## Records provided
####################
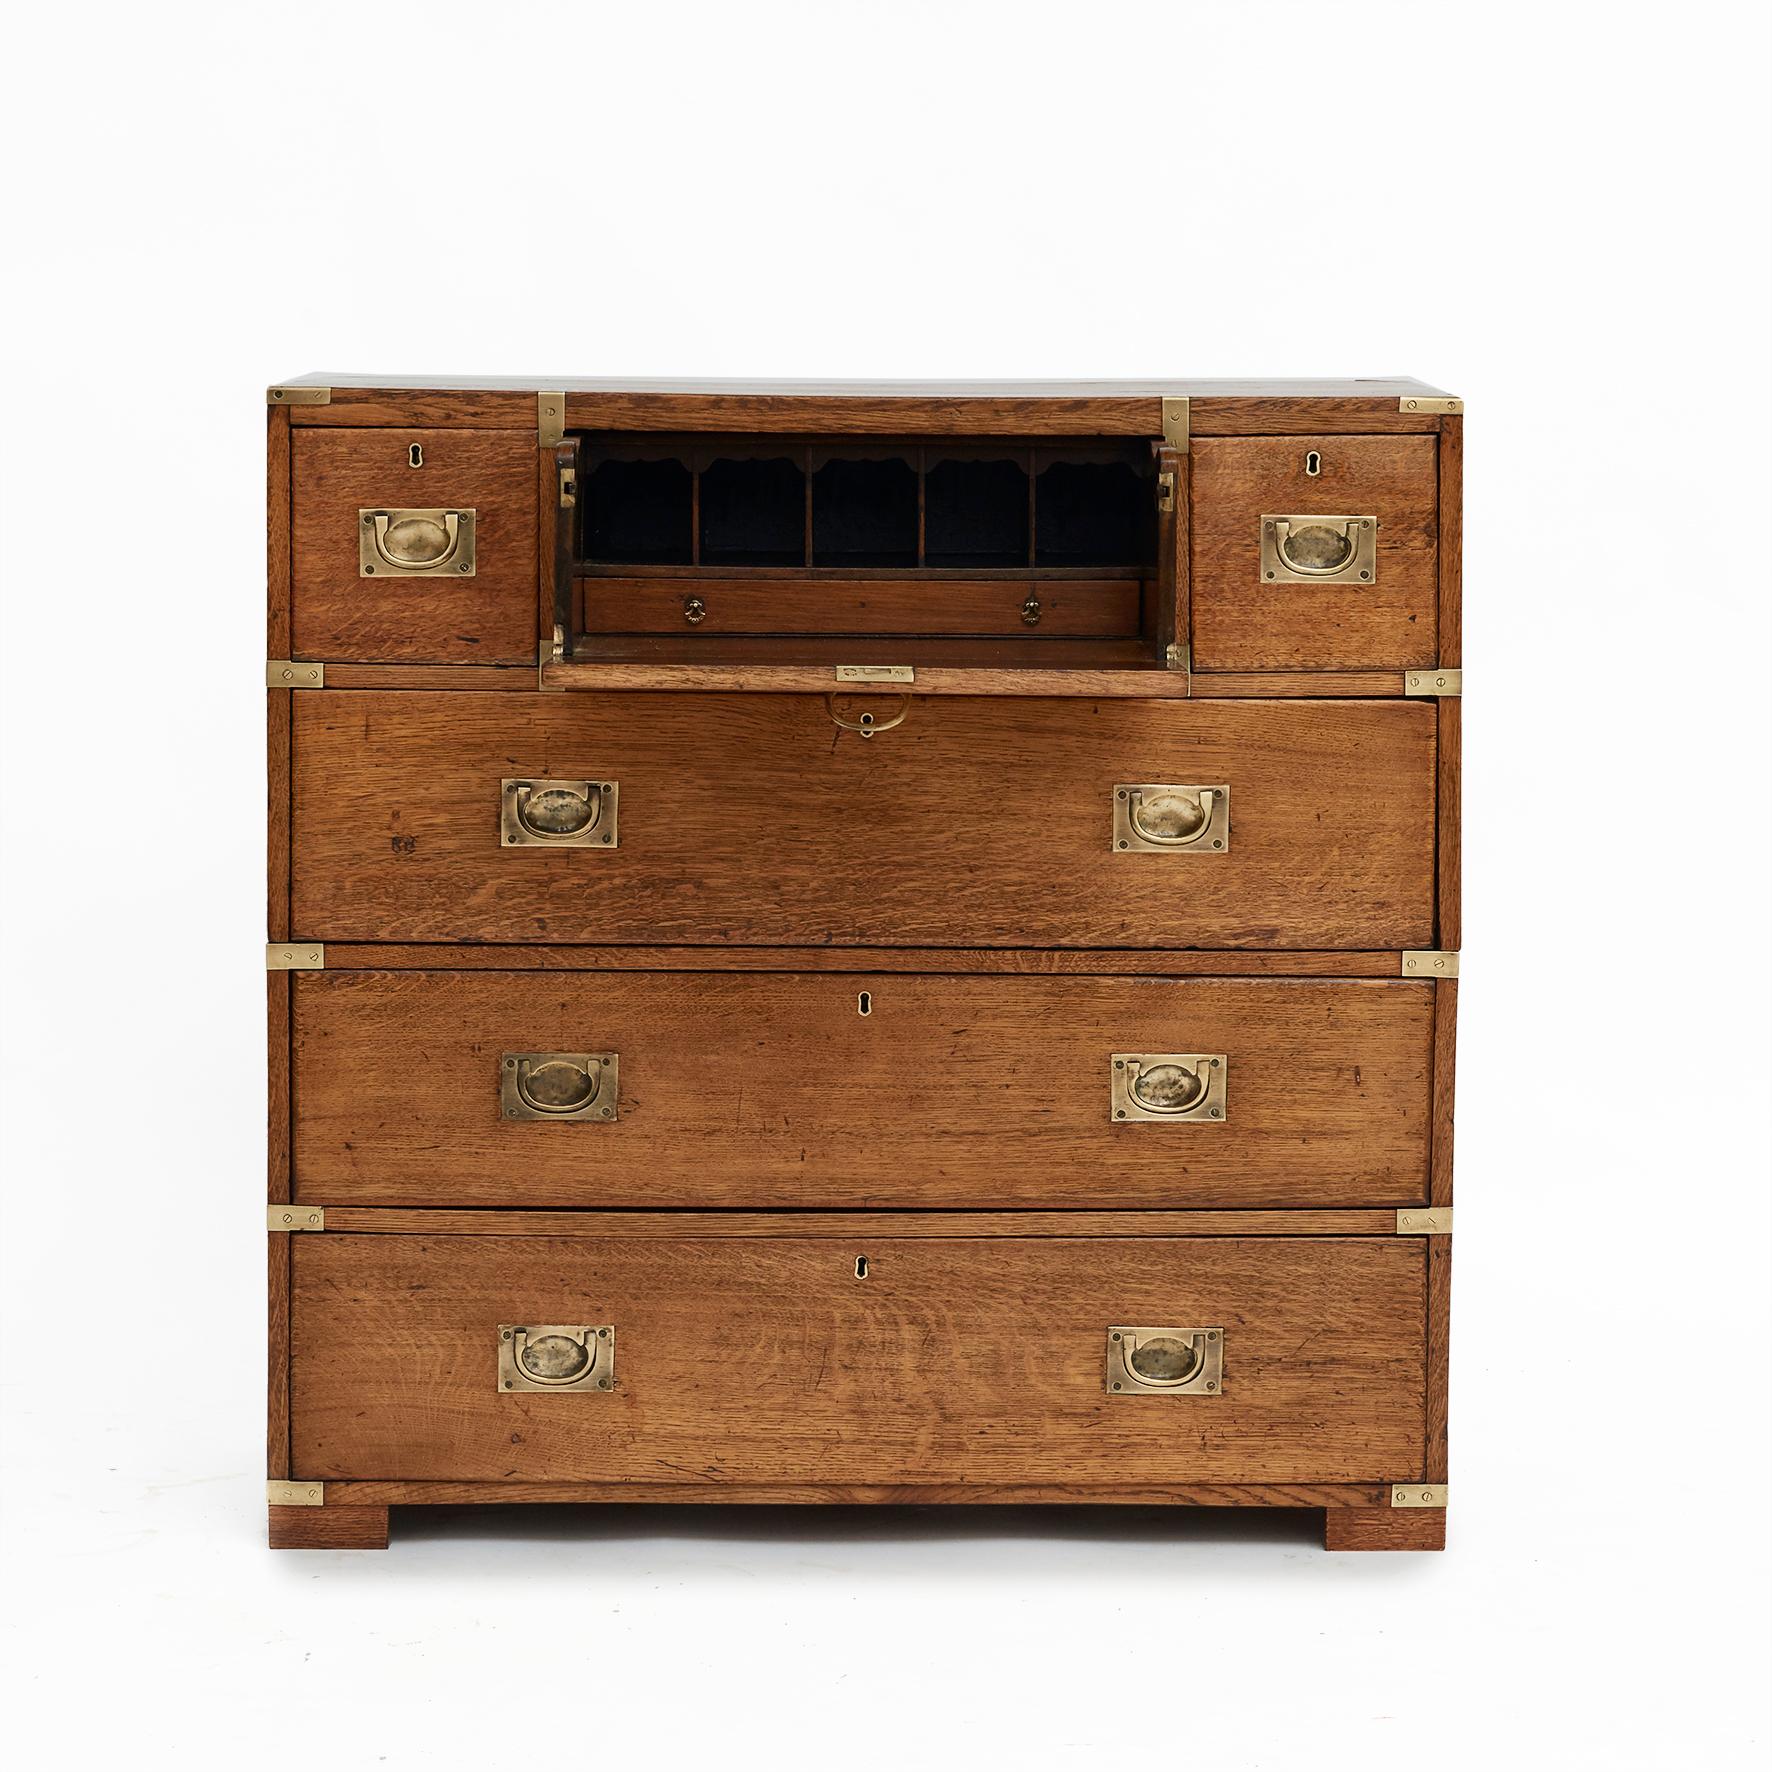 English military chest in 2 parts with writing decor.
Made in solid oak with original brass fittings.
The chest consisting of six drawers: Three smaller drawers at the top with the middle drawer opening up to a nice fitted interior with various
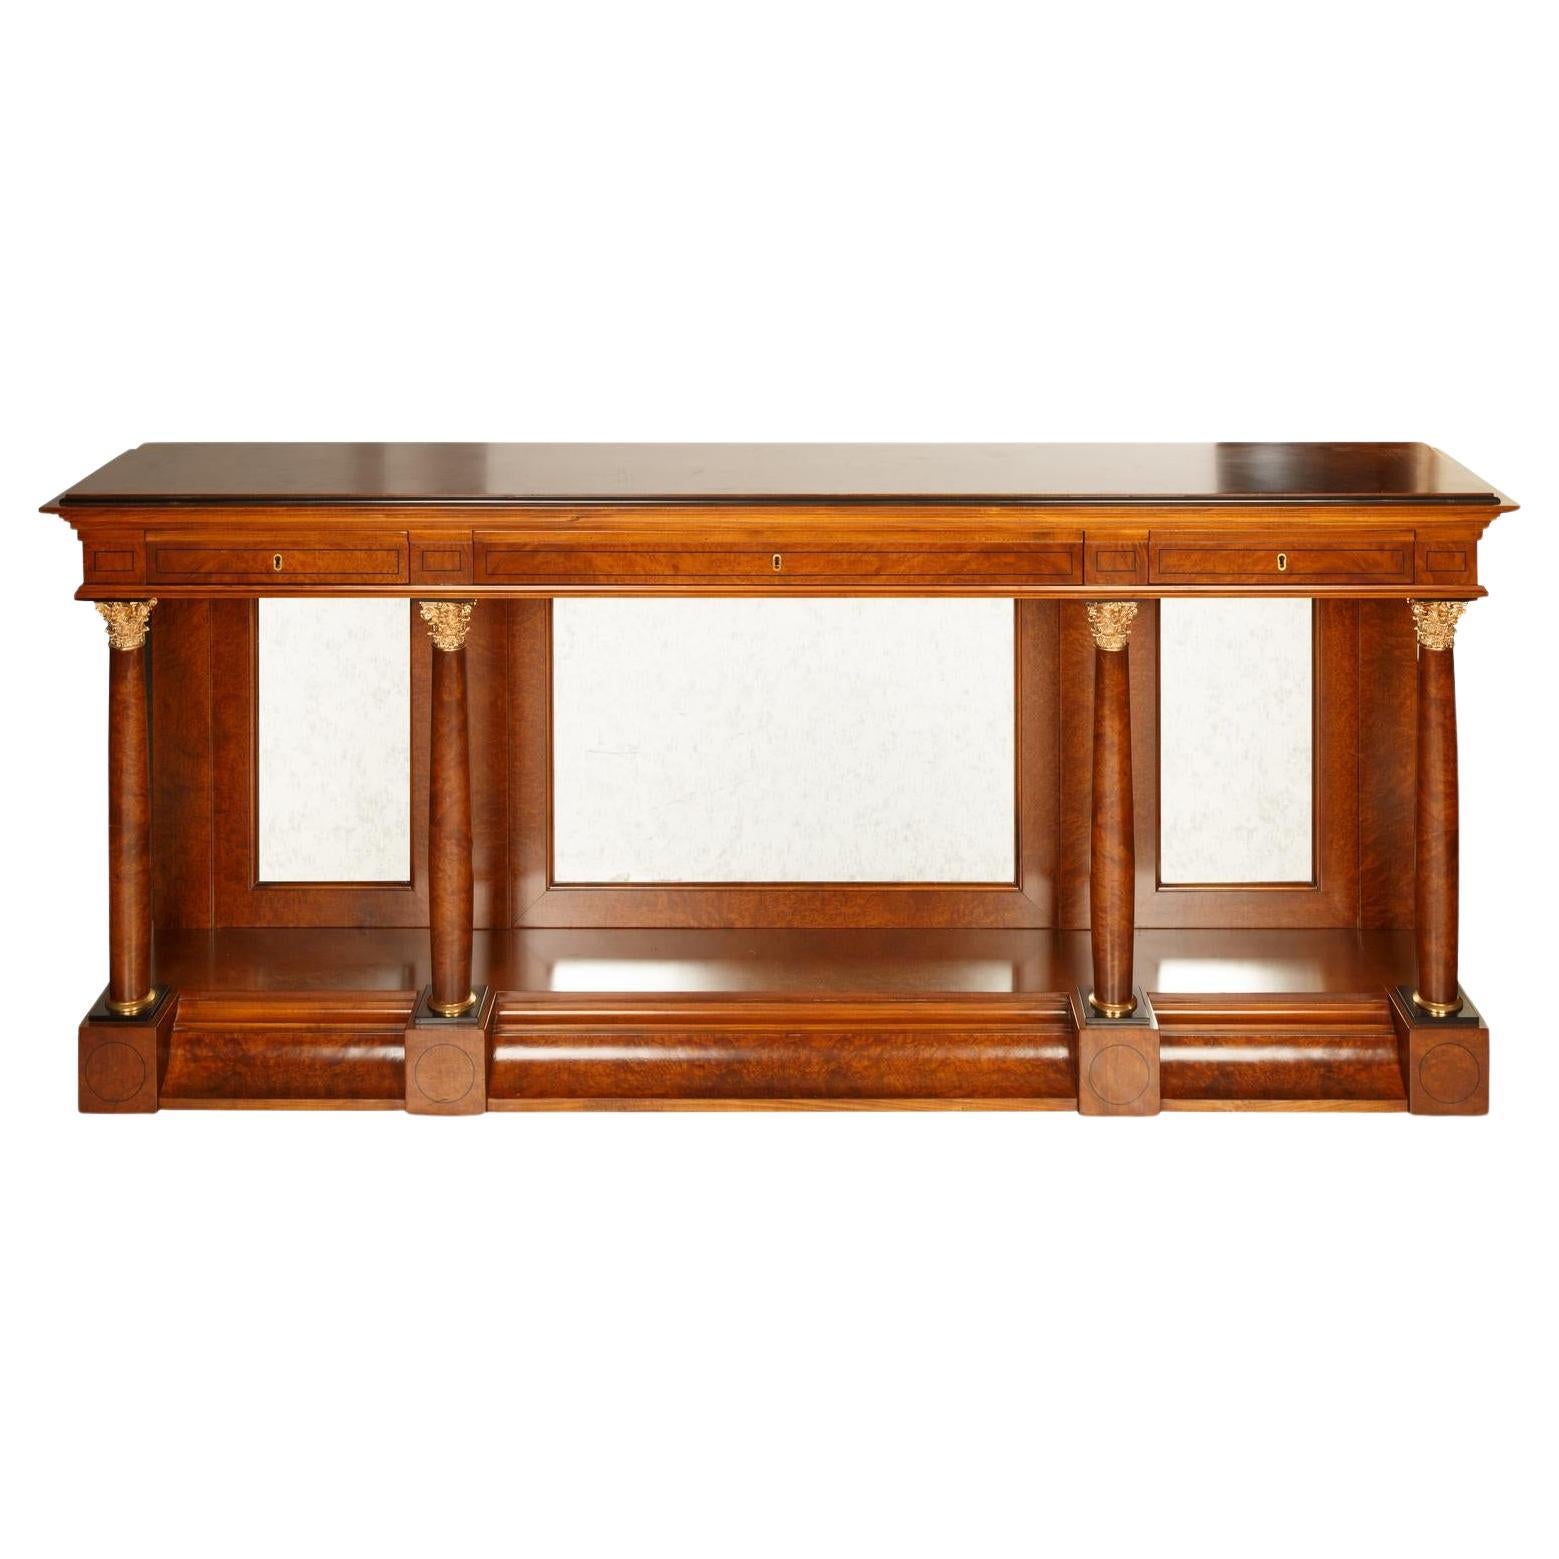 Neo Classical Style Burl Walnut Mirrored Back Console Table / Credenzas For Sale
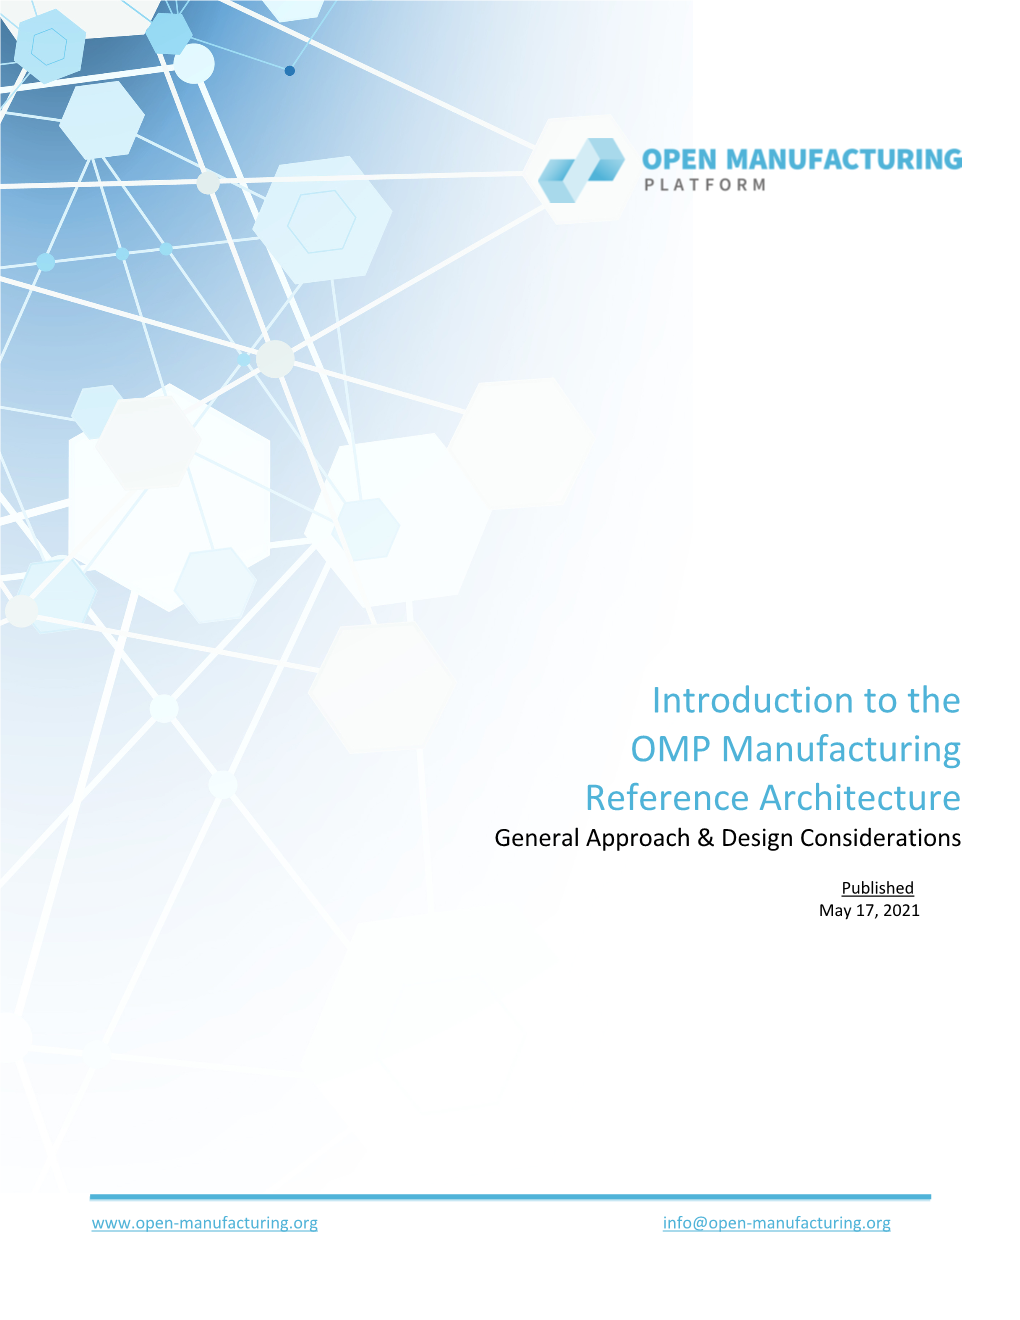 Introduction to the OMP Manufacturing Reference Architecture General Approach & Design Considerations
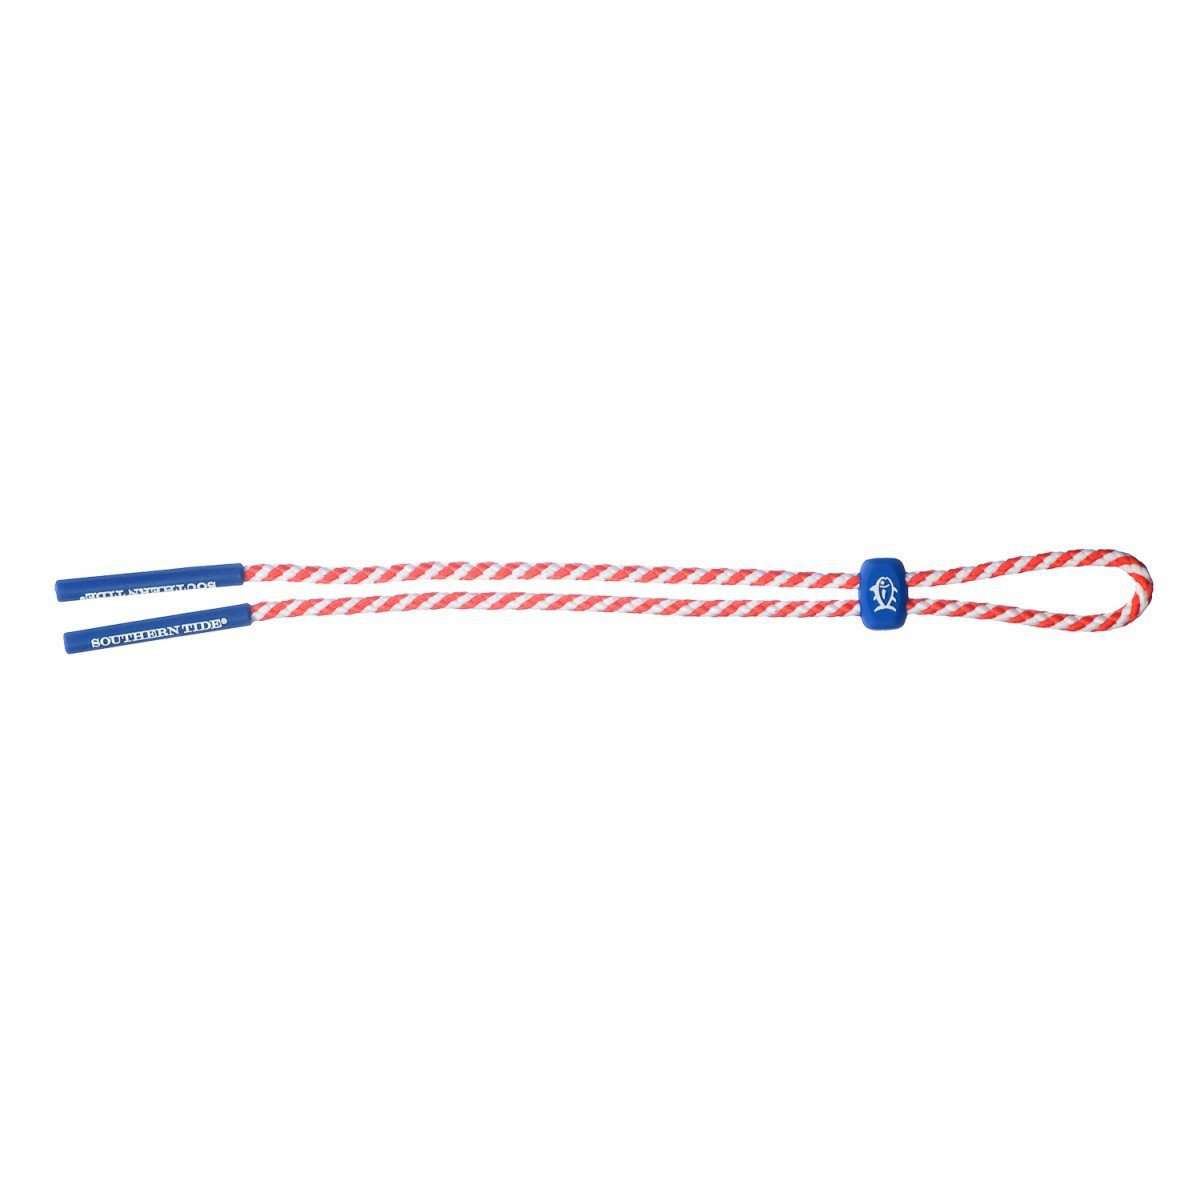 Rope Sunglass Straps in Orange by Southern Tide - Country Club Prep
####################
## What the exercise asks
Please output exactly the lines of the data above, from its first line through the line with "Introduction to the", and nothing else; drop the pictures.

## Task answer
 English military chest in 2 parts with writing decor.
Made in solid oak with original brass fittings.
The chest consisting of six drawers: Three smaller drawers at the top with the middle drawer opening up to a nice fitted interior with various
 Neo Classical Style Burl Walnut Mirrored Back Console Table / Credenzas For Sale
 Introduction to the OMP Manufacturing Reference Architecture General Approach & Design Considerations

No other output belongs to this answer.